Parents choose among a variety of modes of care, some of which are paid and some of which are unpaid. The bulk of research has focused on the effect of the price of care on the use of paid care among working mothers. Hence, in order to get a sense of the total effect of a decrease in the price of child care on the demand for paid care, one must combine estimates of the increase in labor supply with those of the increase in the demand for paid care among mothers who work. 56

Studies find that in places with lower prices of care, working mothers are more likely to use paid care. Again, there is a large range of magnitudes but most of the studies suggest that a 10 percent decrease in the hourly cost of care results in a 1.5 to 2.3 percent increase in the probability that a working mother with a young child will purchase care. 57

As the price of paid care falls, mothers are likely to substitute paid care for unpaid care. Such substitution is particularly likely given that parents tend to express more dissatisfaction with non-paid care.58 Unfortunately, we cannot infer from the available evidence how much of the increase in the propensity of working mothers to use paid care is due to a higher propensity to use paid care among the newly entering mothers, and how much is due to a change in the propensity of those mothers already working to use paid care, as a result of the price change.

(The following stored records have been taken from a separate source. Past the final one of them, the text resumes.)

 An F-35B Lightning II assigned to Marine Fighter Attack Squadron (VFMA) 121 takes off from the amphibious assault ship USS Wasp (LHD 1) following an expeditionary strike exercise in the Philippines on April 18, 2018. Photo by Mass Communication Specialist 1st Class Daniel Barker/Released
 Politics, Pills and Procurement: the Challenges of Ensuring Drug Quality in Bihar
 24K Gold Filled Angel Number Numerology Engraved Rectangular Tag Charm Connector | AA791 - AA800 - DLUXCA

A useful supplement to these studies of utilization is the effect of child care subsidies on the hours of paid care purchased as a result of a change in the price of care. Some parents use multiple modes of care. An increase in utilization of paid care may therefore reflect the decision of some parents to purchase only a few hours of paid care, rather than no paid care. On the other hand, parents that were already using some paid care may increase the number of hours of paid care in response to the price decrease, adjusting the relative amounts of paid and unpaid care purchased; such behavior would not show up in utilization measures.

Three studies look at the effect of the price of care on the hours of paid care used by working mothers. This measurement considers both the effect caused by switching from zero hours to positive hours, and also changes among those already using positive hours. 59 Again, there is a range of estimates; a dollar decrease in the hourly cost of paid care is associated with a 3 to 22 hour per month increase in the use of paid care. Ribar (1992) finds that the increase in hours of paid care and the decrease in hours of unpaid care among working mothers are roughly similar in magnitude. This suggests that the result of price decreases is a relative increase among working mothers in the usage of paid versus unpaid care, rather than an increase in the total amount of non-maternal care used. Such a conclusion is consistent with the finding that hours of work among working mothers appears unresponsive to the price of care.

PUTTING IT ALL TOGETHER

How much will the use of paid care increase in response to a policy that reduces the cost of care? The fact that the supply of child care will respond to meet increased demand without much of a change in the price of care suggests we can consider a subsidy as translating almost dollar for dollar into a decrease in the price to the consumer in the long run.

As an example, consider the effect of a 20 percent subsidy for child care expenses. Our analysis below suggests that a 20 percent reduction in the cost of paid care would result in 500,000 to 1.3 million more children under 6 with employed mothers using paid care. If the 20 percent subsidy were applied just to mothers below 200 percent of poverty, the result would be 124,000-318,000 more low income children under 6 in paid care.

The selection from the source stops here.